Схема русского революционного движения, взятого в многолетней перспективе, поражает быстрым падением вдохновения... Точно опера «Паяцы»... Прекрасен драматический пролог. Есть сильные места в первом действии. Вульгарно и ничтожно второе. Коломбина зарезана. Негодяй Тонио торжествует. Скоро послышится: la comedia finita...

Достоевский лучше всего предвидел второе действие. Деятелей пролога он ненавидел, его идей не понимал; об этом свидетельствует самый эпиграф «Бесов»: много, очень много свиней пришлось бы утопить в озере для того, чтобы очистить русскую землю от грехов, — в первую очередь от преступлений самодержавия. С другой стороны, какие же грехи искуплены смертью Лизогуба, Кибальчича или Софьи Перовской?

Первое действие, более или менее свободное от подлинной достоевщины, не отпиралось и мистическим ключом. Где в нем Ставрогины, Шатовы, где сказка о царевиче Иване, где полуземная мистика Кириллова? Достоевский отдал поклон катафалку, на котором не было покойника...

Царь отстаивал самодержавие, солдаты стремились к заключению мира, крестьяне хотели получить землю, помещики не желали ее отдавать, рабочие требовали огромной платы, капиталисты отказывались платить, — какой уж тут мистицизм?

Верно был намечен культ пустословия, творчески предвосхищенный в гениальной карикатуре вечеринки у акушерки Виргинской.

Были, однако, в первом акте и моменты торжества духа над телом; в частности, и над языком.

Зато второе действие — апофеоз пророческого дара Достоевского. Верховенский и Шигалев, Свидригайлов и Карамазов, Смердяков и Федька-каторжник овладевали русской землей. Движущие силы октябрьского переворота слагались из животных инстинктов и из самой черной достоевщины.

Была также, вероятно, крошечная примесь идеализма.

Впрочем, и Свидригайлов «ужасно любил» Шиллера...
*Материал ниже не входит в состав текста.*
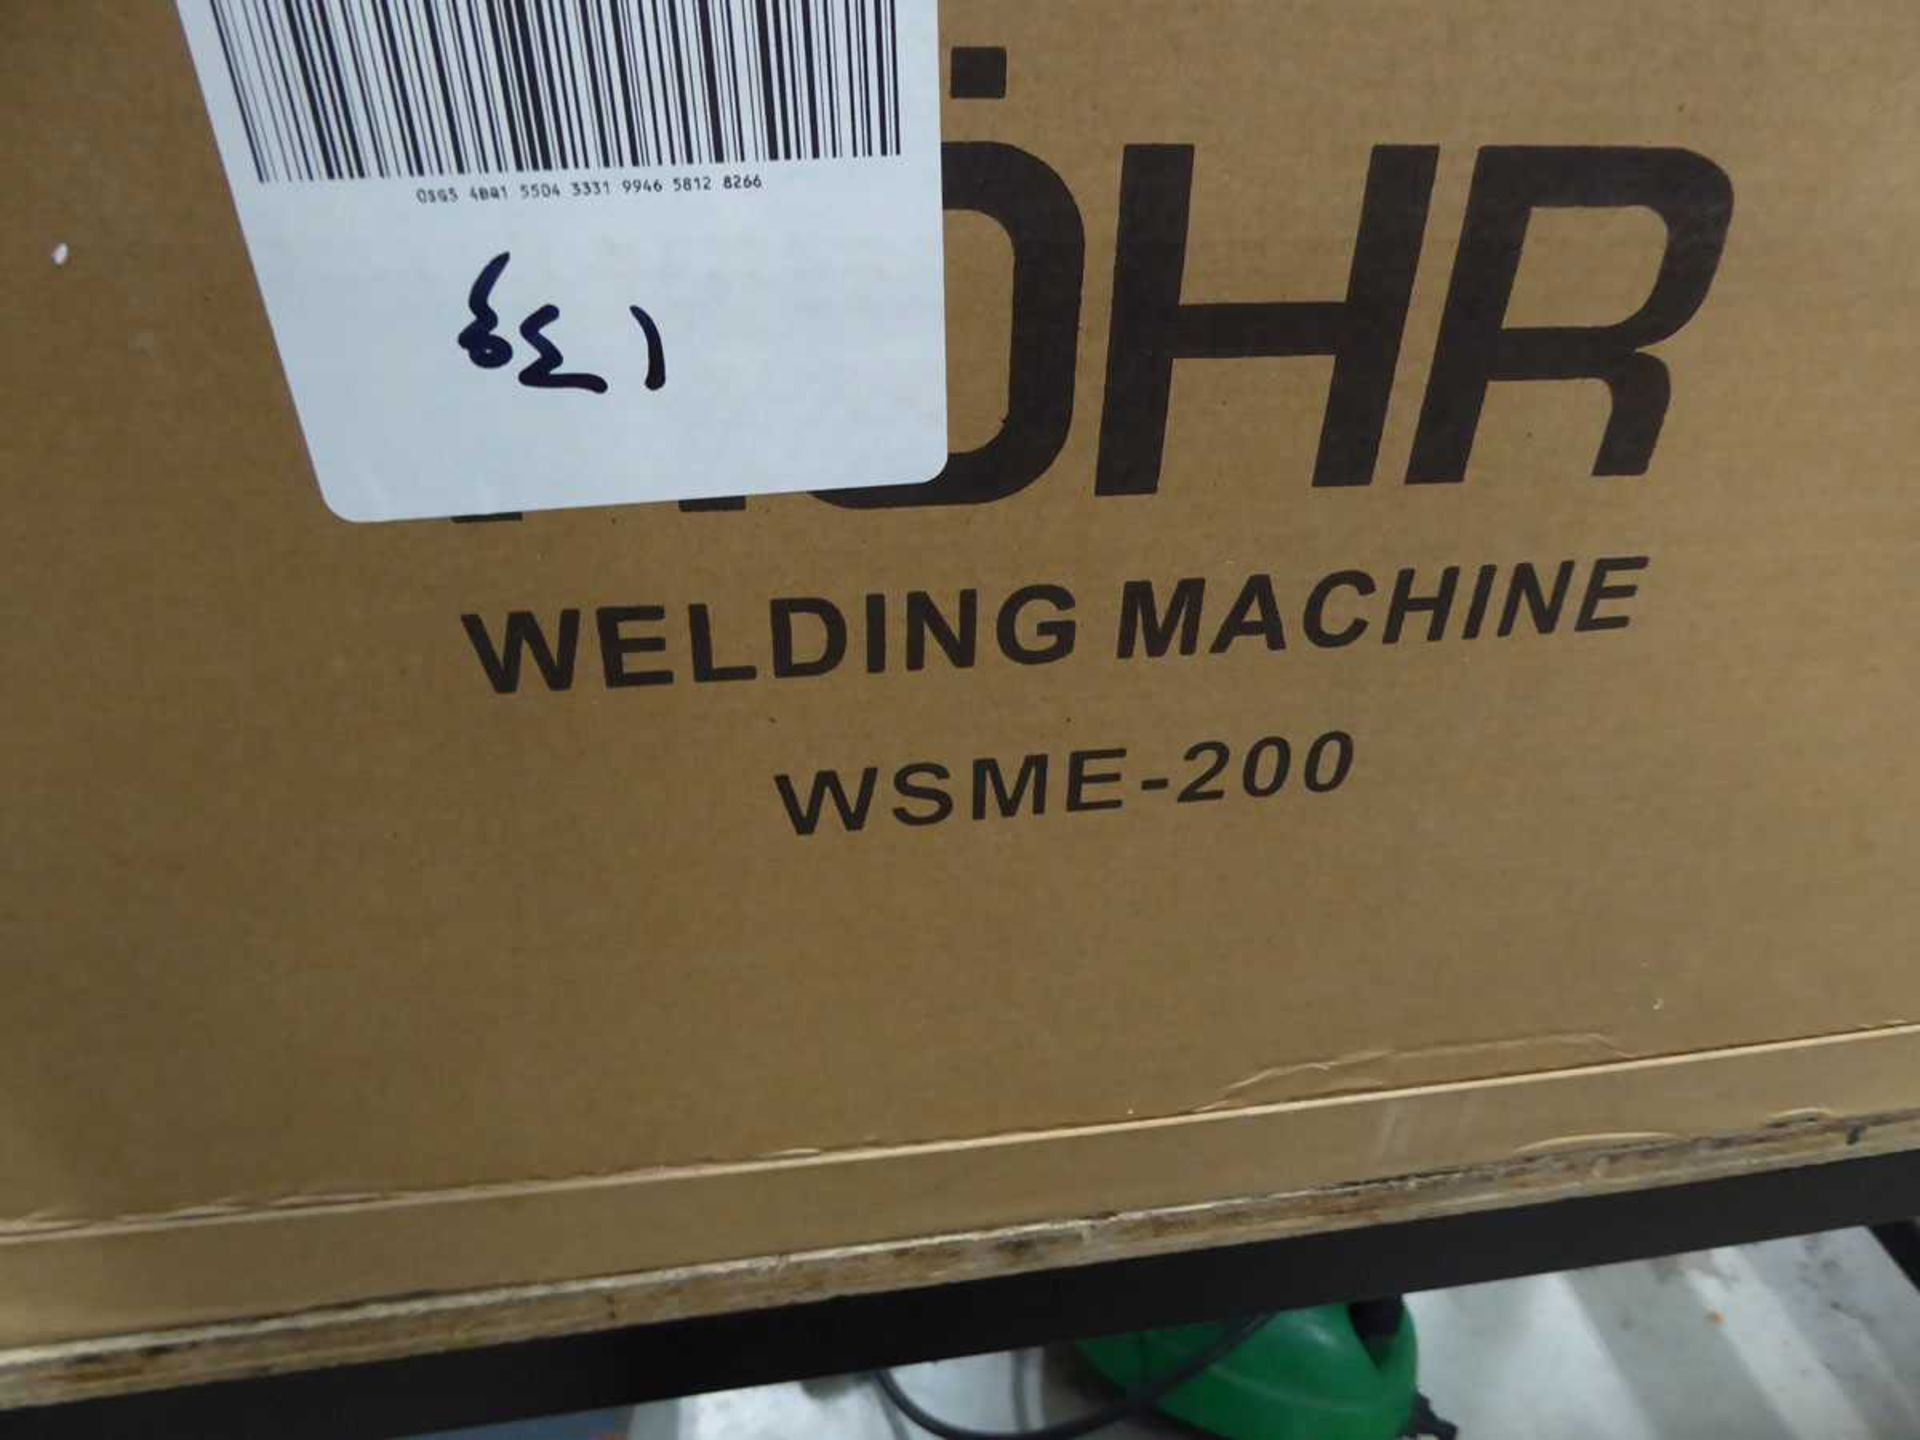 Rohr WSME 200 welding machine - Bild 2 aus 4

В удивительных сценах суда из «Братьев Карамазовых», в этой злой насмешке над правосудием, где обвинитель и защитник обмениваются длиннейшими, тонкими, в высшей степени убедительными речами, не заключающими в себе ни слова правды о деле убийства, прокурор Ипполит Кириллович заканчивает свое выступление так: «Роковая тройка наша несется стремглав и, может, к погибели. И давно уже в целой России простирают руки и взывают остановить бешеную беспардонную скачку. И если сторонятся пока еще другие народы от скачущей сломя голову тройки, то, может быть, вовсе не от почтения к ней, как хотелось поэту, а просто от ужаса — это заметьте. От ужаса, а может, и от омерзения к ней, да и то еще хорошо, что сторонятся, а, пожалуй, возьмут да и перестанут сторониться и станут твердою стеной перед стремящимся видением и сами остановят сумасшедшую скачку нашей разнузданности, в видах спасения себя, просвещения и цивилизации!»
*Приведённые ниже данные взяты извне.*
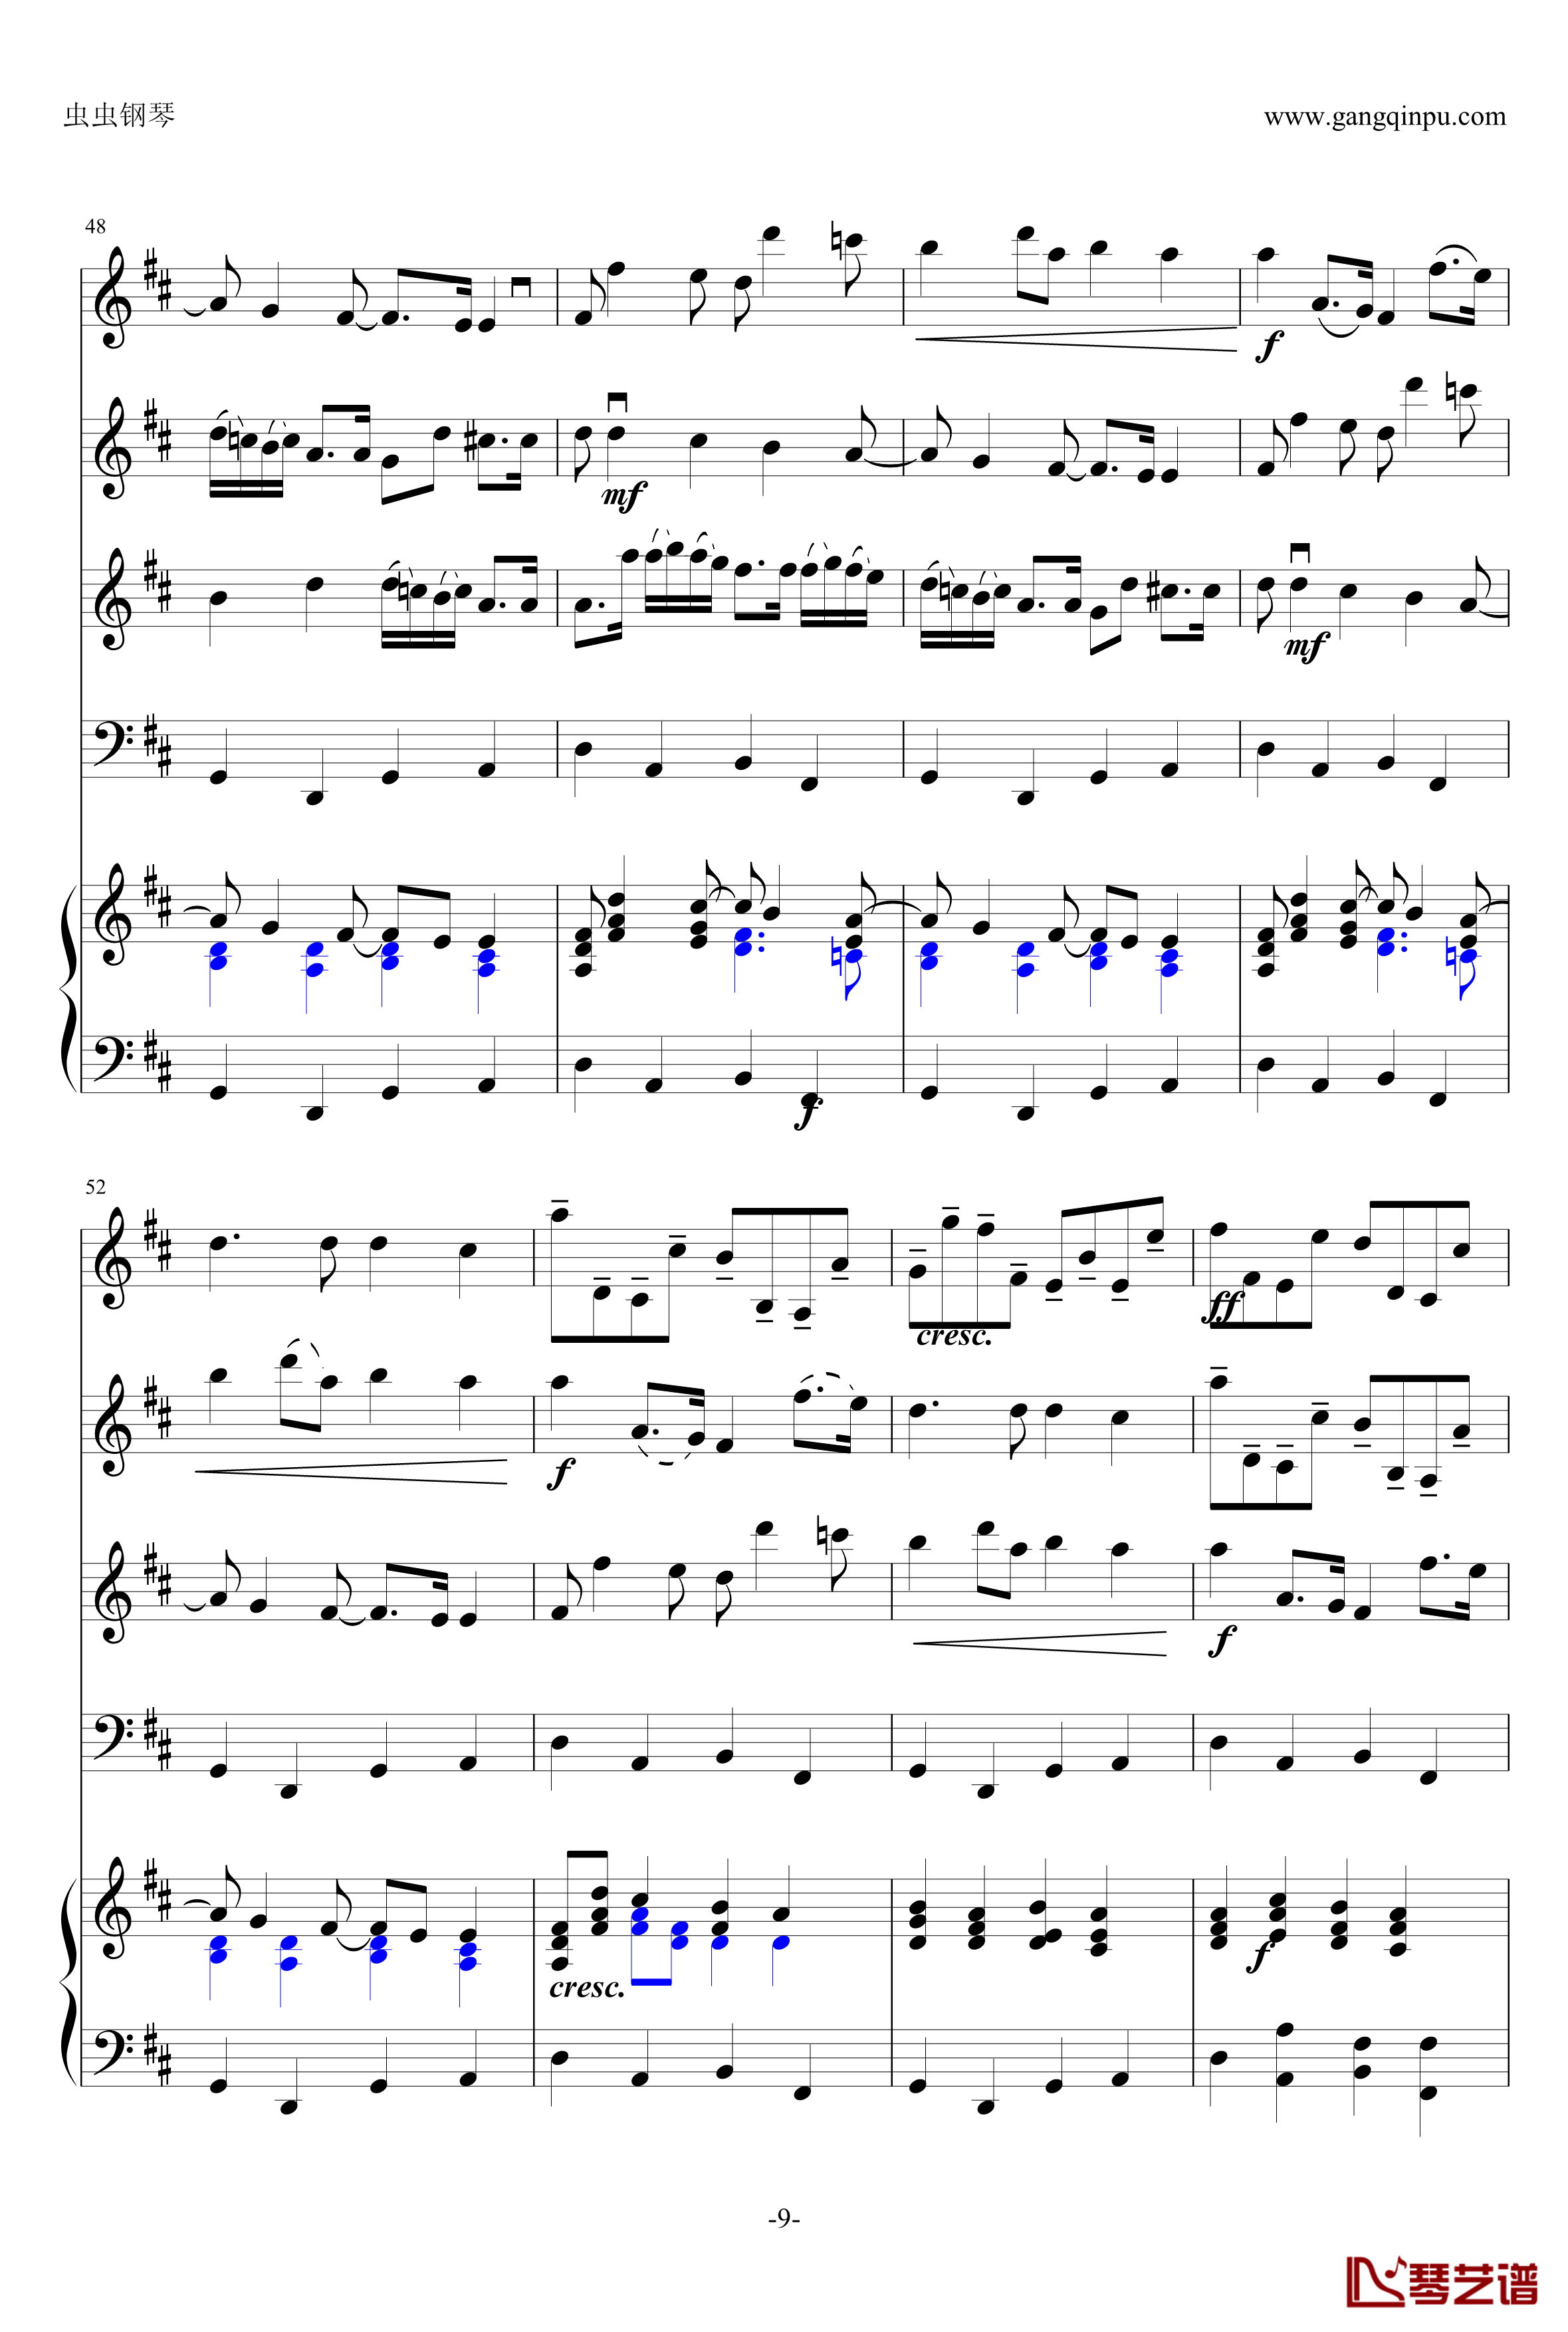 卡农钢琴谱-原版引进-帕赫贝尔-Pachelbel9

Эта тирада, которую Достоевский, потешаясь, вкладывал в уста разглагольствующего прокурора, по-видимому, заключала в себе не одни только цветы красноречия. В конце концов, не исключена возможность, что «последние усилия европейских правительств» так-таки и не дадут на Западе прорваться тем инстинктам разрушения, которые в течение четырех лет растит мировая война. Но если гипноз побед или всеобщая бесконечная усталость предотвратят от взрыва новой бури некоторые из великих мировых держав, то осмеянный Достоевским прокурор имеет много шансов оказаться истинным пророком.

«Управлять — это предвидеть». Предвиденья европейских государственных людей в свете нынешних событий комментариев не требуют. Если бы памятники политическим деятелям запрещалось ставить раньше чем через полстолетия после их смерти, можно бы осуществить огромную экономию в мраморе и бронзе.

Впрочем, памятники и вообще являют лучшее доказательство большой снисходительности «потомства»...

Перейти на страницу:

Похожие книги

100 мифов о Берии. Вдохновитель репрессий или талантливый организатор? 1917-1941
100 мифов о Берии. Вдохновитель репрессий или талантливый организатор? 1917-1941

Само имя — БЕРИЯ — до сих пор воспринимается в общественном сознании России как особый символ-синоним жестокого, кровавого монстра, только и способного что на самые злодейские преступления. Все убеждены в том, что это был только кровавый палач и злобный интриган, нанесший колоссальный ущерб СССР. Но так ли это? Насколько обоснованна такая, фактически монопольно господствующая в общественном сознании точка зрения? Как сложился столь негативный образ человека, который всю свою сознательную жизнь посвятил созданию и укреплению СССР, результатами деятельности которого Россия пользуется до сих пор?Ответы на эти и многие другие вопросы, связанные с жизнью и деятельностью Лаврентия Павловича Берии, читатели найдут в состоящем из двух книг новом проекте известного историка Арсена Мартиросяна — «100 мифов о Берии».В первой книге охватывается период жизни и деятельности Л.П. Берии с 1917 по 1941 год, во второй книге «От славы к проклятиям» — с 22 июня 1941 года по 26 июня 1953 года.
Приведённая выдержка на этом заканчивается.